But in recent months, Goldman has signaled a partial retreat from those efforts by scrapping plans for a checking account broadly available to the public and mothballing its personal loan business. A popular savings account and a credit card business survive for now.
Last week, the bank disclosed that it had accumulated $3 billion in losses in its consumer banking franchise since 2020, mostly money set aside to cover potential loan losses in its consumer lending businesses. Bank regulators are reportedly looking into whether the consumer business had proper safeguards in place as it grew larger.
The retreat in consumer banking comes as Goldman tries to refocus on its roots: advising corporations on deals, investing, and trading, and servicing the well-to-do. The firm's revenue from investment banking, trading, and wealth management made up two-thirds of total revenue last year.
"I think it became clear to us early in 2022 that we were doing too much, it was affecting our execution," said David Solomon, Goldman's chairman, and CEO, in a call with analysts when the bank reported its results earlier this month.

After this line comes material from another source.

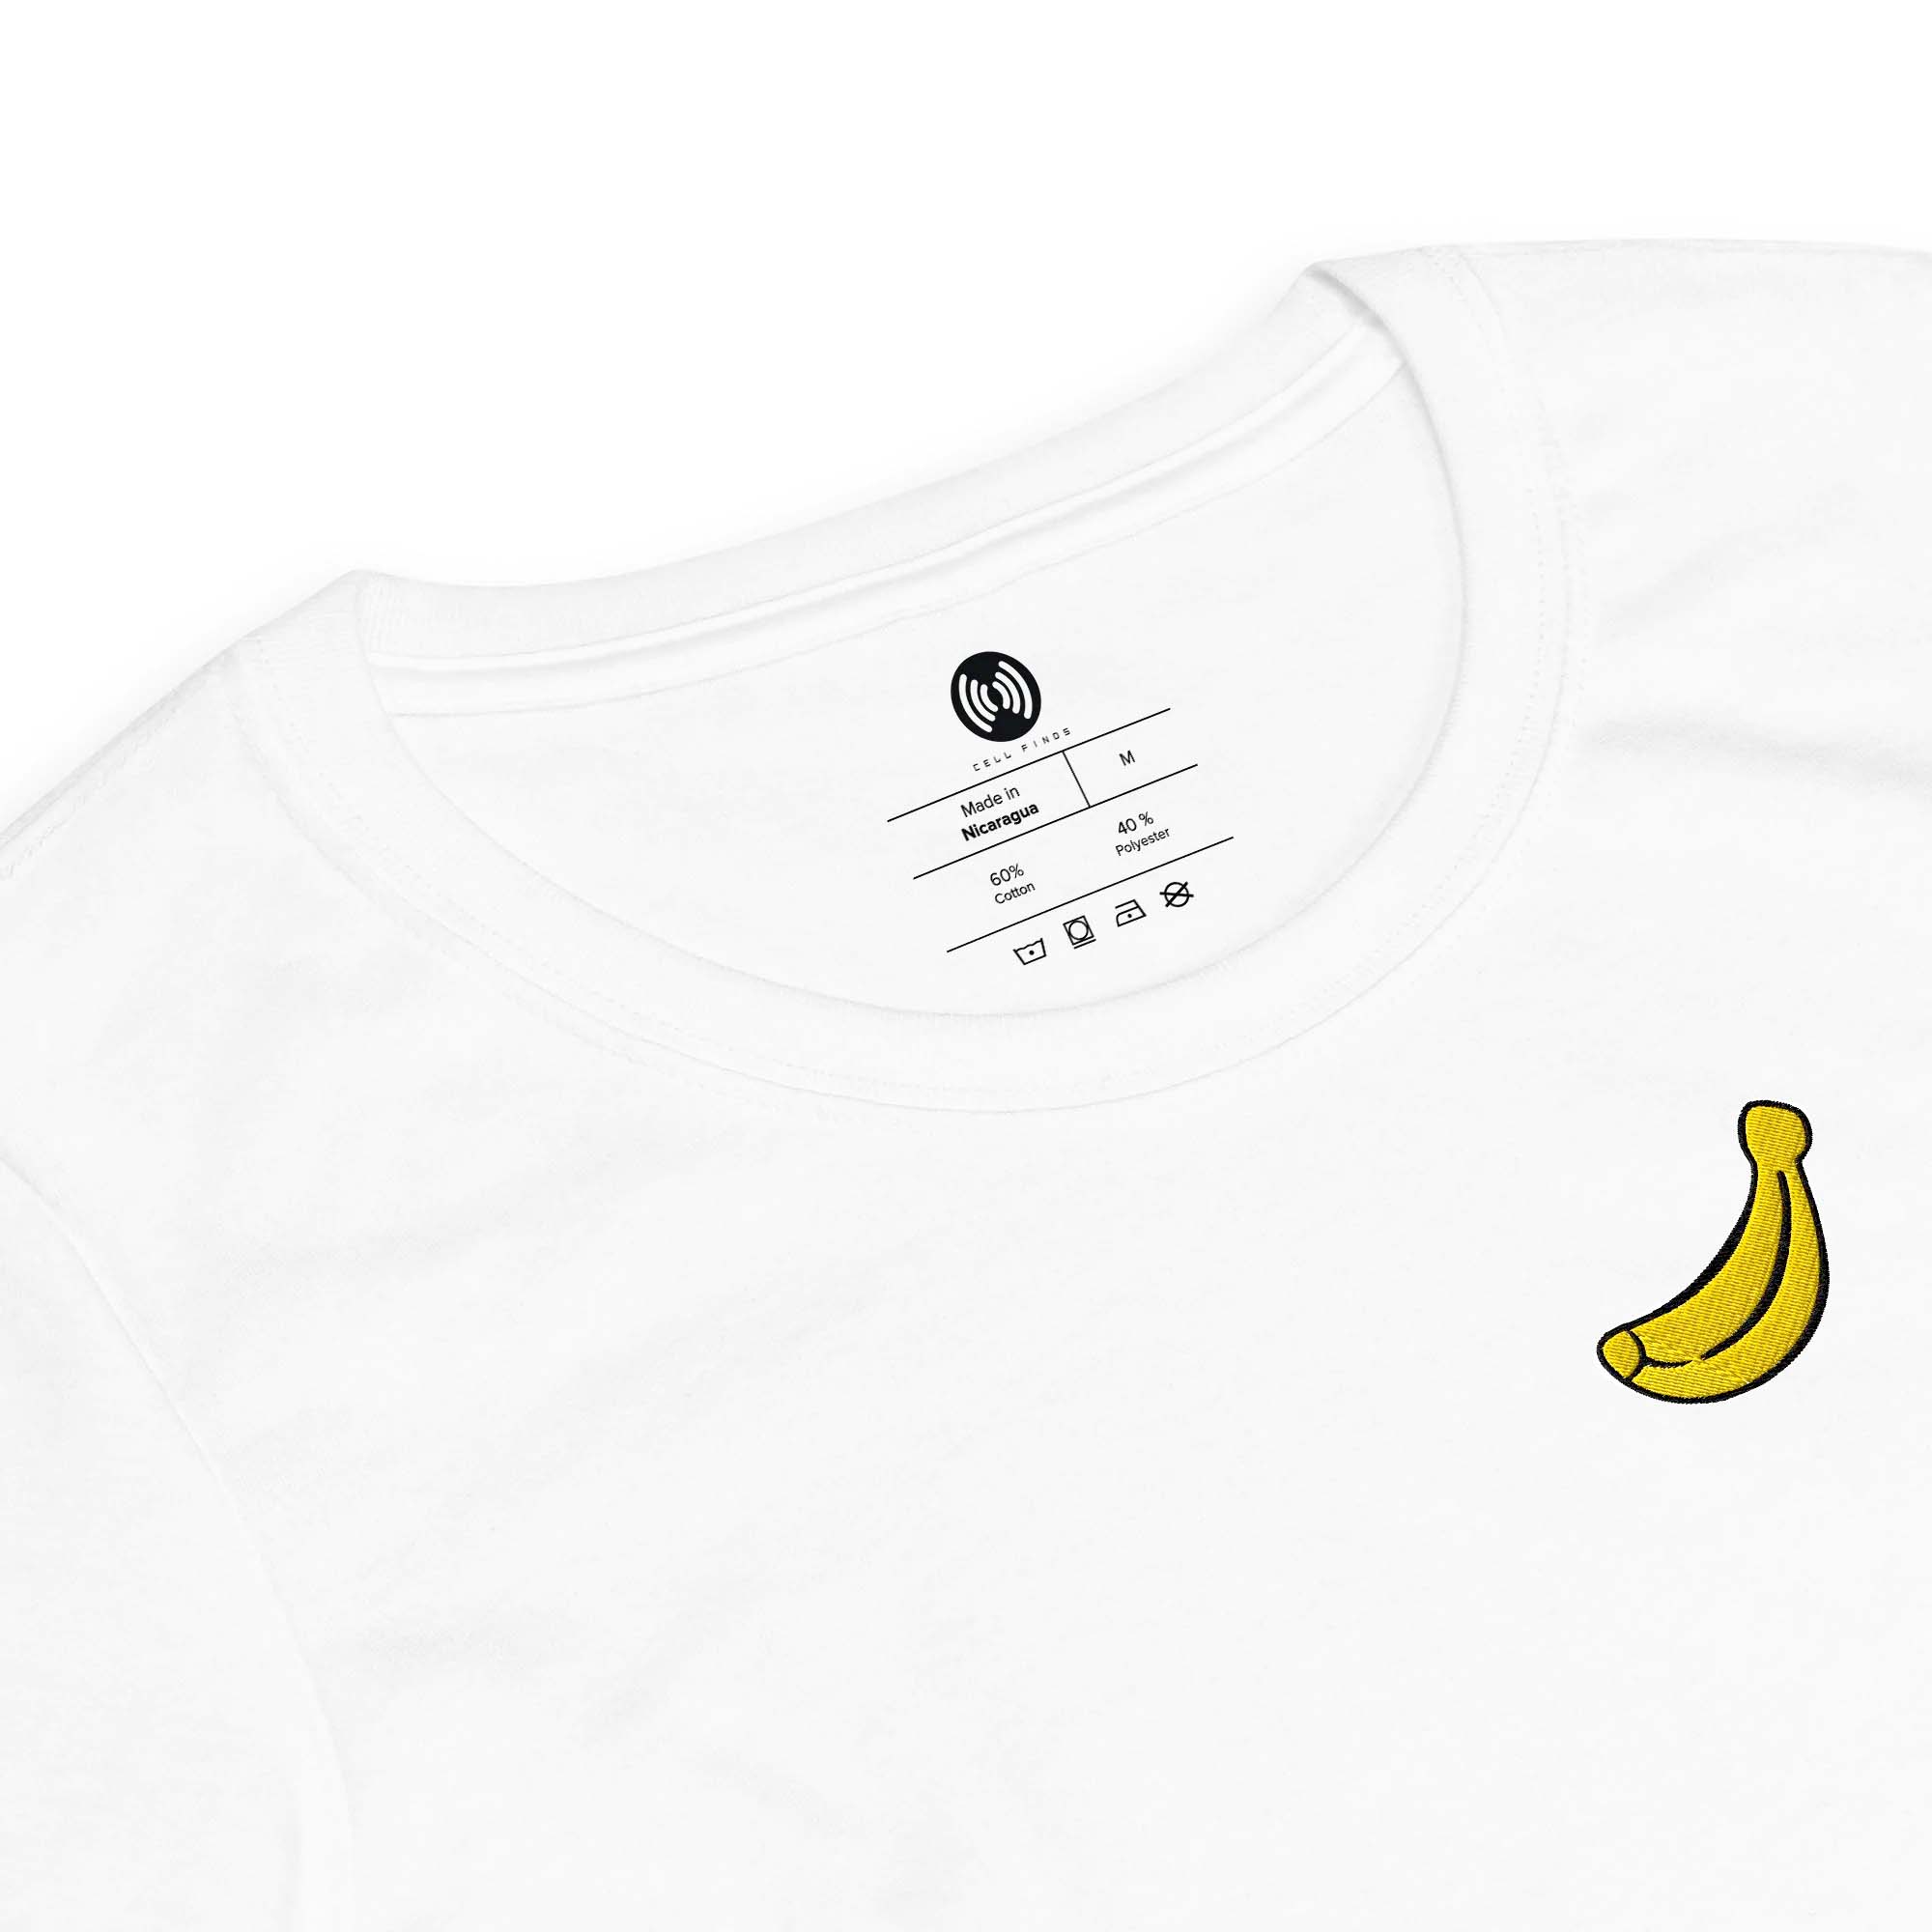 Embroidered Banana Women’s fitted t-shirt

Goldman's push into consumer banking was one of the biggest changes in the firm's 154-year history. The investment bank had to legally convert itself into a bank holding company in 2008 during the financial crisis to get access to the Federal Reserve's emergency funding operations. That led to jokes within the industry that the Wall Street titan Goldman Sachs was going to issue something as commonplace as an ATM card.
The jokes became a reality when Goldman bought the assets of GE Capital and launched its online-only savings account providing an above-market interest rate. The savings account became an unexpected hit for Goldman, with waiting lists forming after its initial launch both in the U.S. and later in the U.K.